The methodology behind the method

When I first began dabbling in computational social science, particularly around studying social media, I turned first and foremost to the open-source community. Whether it was data collection, analysis, or visualisation, the internet was awash with tutorials designed to get you quickly and efficiently up to speed in implementing that linguistic model, pulling obscene amounts of data from Twitter, or getting the font on your x-axis label just right.

Whilst ‘Googling’ remains the greatest skill for day-to-day work in computational social science, these tutorials only got me so far. Often, I would sigh as, having been guided step by step in how to implement a technique, the result would just be presented without any kind of consideration of what it meant. Sometimes one wondered why we had even bothered, given that what was produced was seemingly devoid of any relationship to reality.

Don’t get me wrong, what is provided by these communities, as a form of service to their discipline, is of monumental value and still key to what I do now, but what is missing is the methodology behind the method. I had learned how to gather data but what kind of sample had I gathered? I had implemented a model but was it rigorous, were the parameters justifiable. I could gather massive amounts of data from a wide variety of sources, but was it ethical to collect it, was it ethical to use it? Methodologically speaking did any of this make sense at all?!

 Why do we need to consider these things, even if not academics?

  1. Porting the knowledge of academia to business/policy etc.

  2. Drawing on expertise within the academy to inform conclusions drawn.

  3. Make better decisions and head-off your assumptions.

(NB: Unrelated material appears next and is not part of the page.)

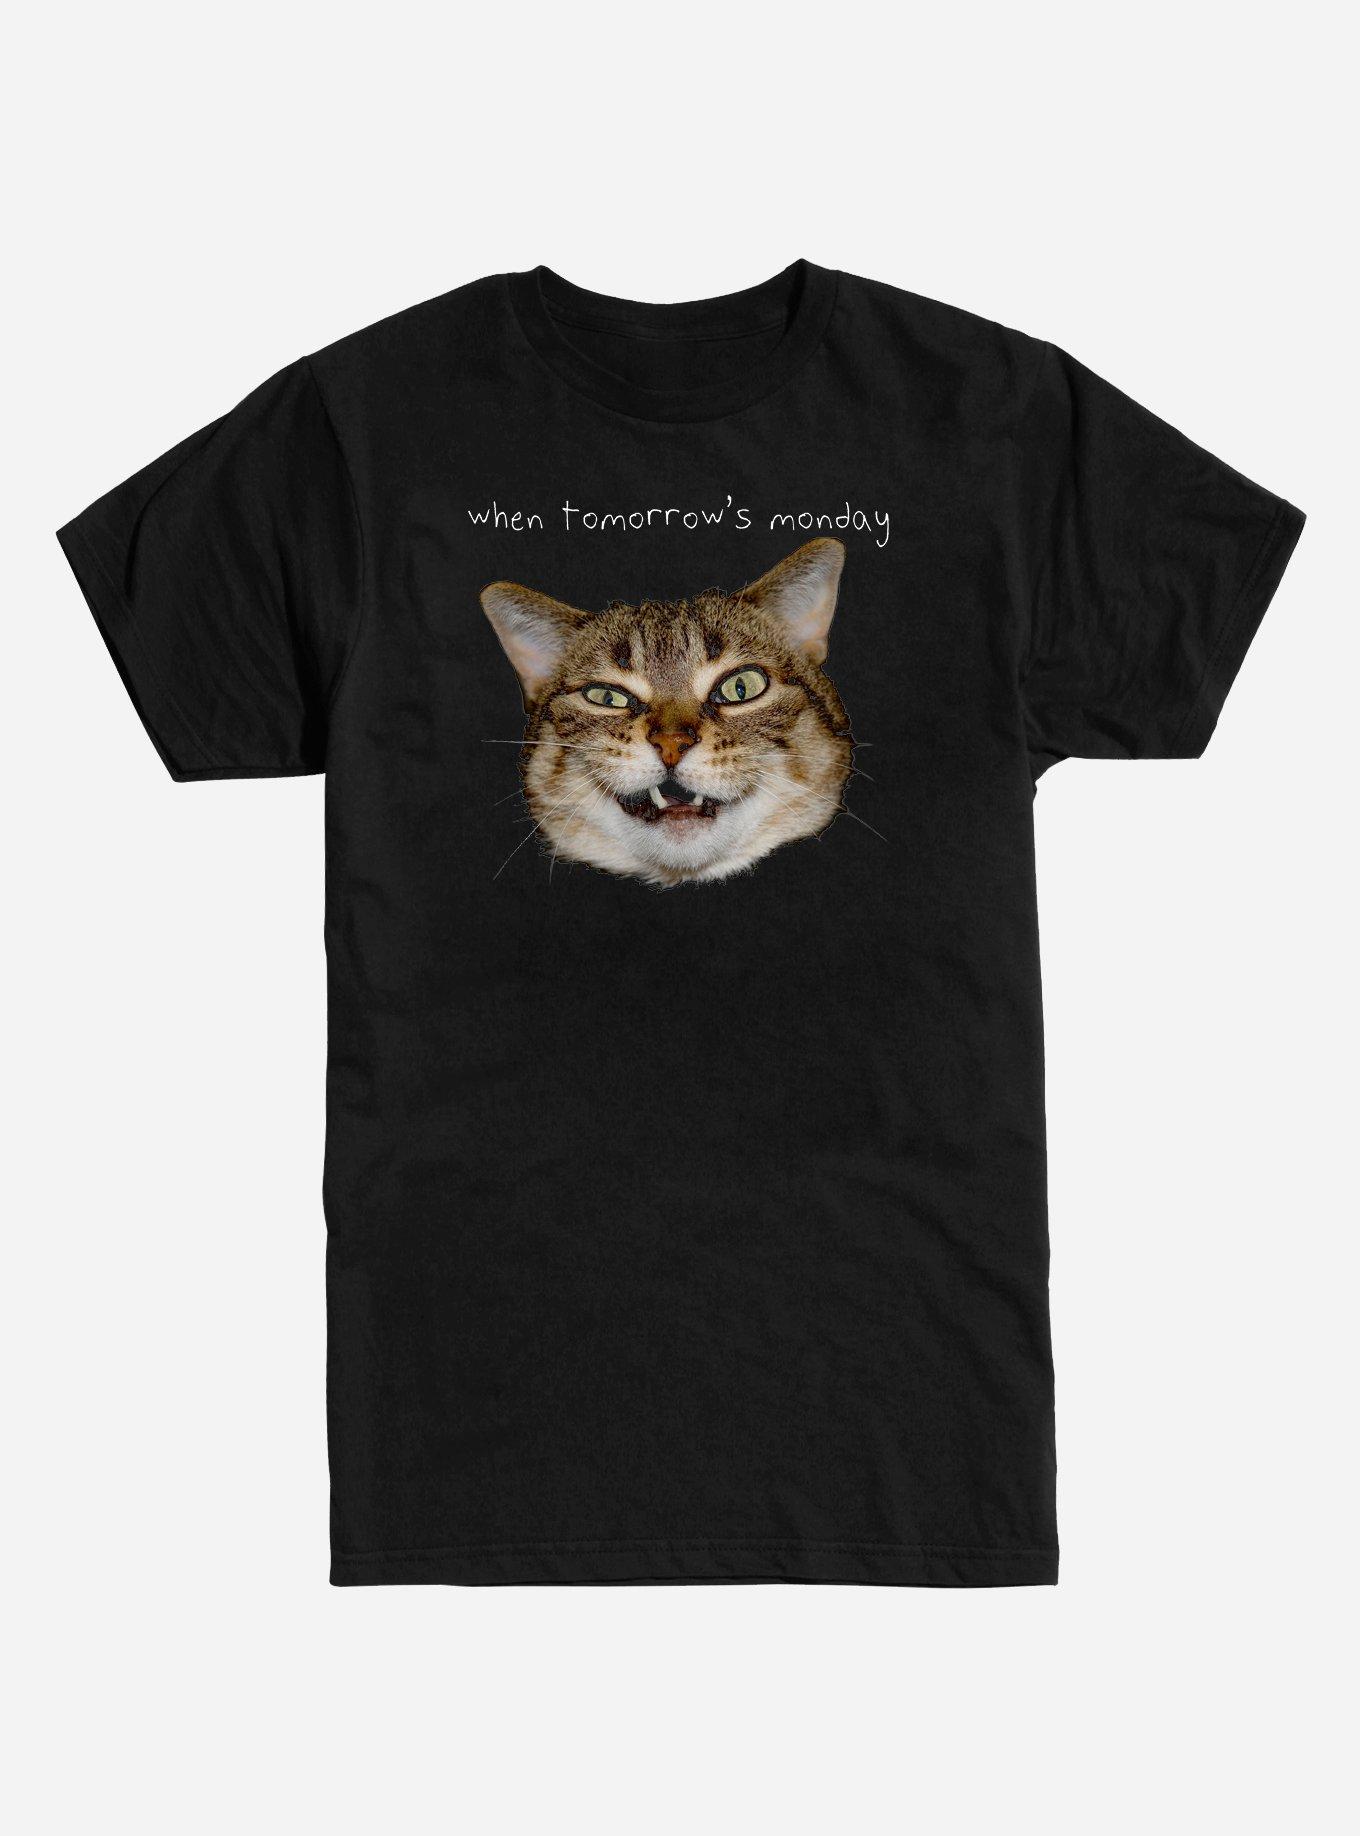 Tomorrow's Monday Cat T-Shirt - BLACK | Hot Topic

These were of course questions of great importance for me as an academic researcher, but I have no doubt that they are important considerations beyond the academy as well. The methods of social research and the theory of research design are paramount to producing good, valid, and valuable results whatever sector you’re coming from and whatever the application of these skills. Being able to go beyond simply implementing a computational method, but to understand its value, to understand the biases inherent in the processes, and to approach them in a way that is ethically sound is key.

Collecting Social Media Data

To me, this is where courses like those on SAGE Campus fit into the ecosystem of learning about cutting-edge methods and techniques. The course that I produced in collaboration with SAGE Campus, Collecting Social Media Data, draws on the methodological expertise of academic researchers to help you better understand these deeper questions around research design and implementation when it comes to social media data.

The course begins with an in-depth consideration of how ethical standards apply in this space, and how social media platforms complicate the age-old questions around participant consent or even the notion of a participant at all. We discuss how the expectations of researchers, users, and the platforms converge to shape our understanding of ethical practice in this space and offer a framework for thinking through these questions in a systematic way.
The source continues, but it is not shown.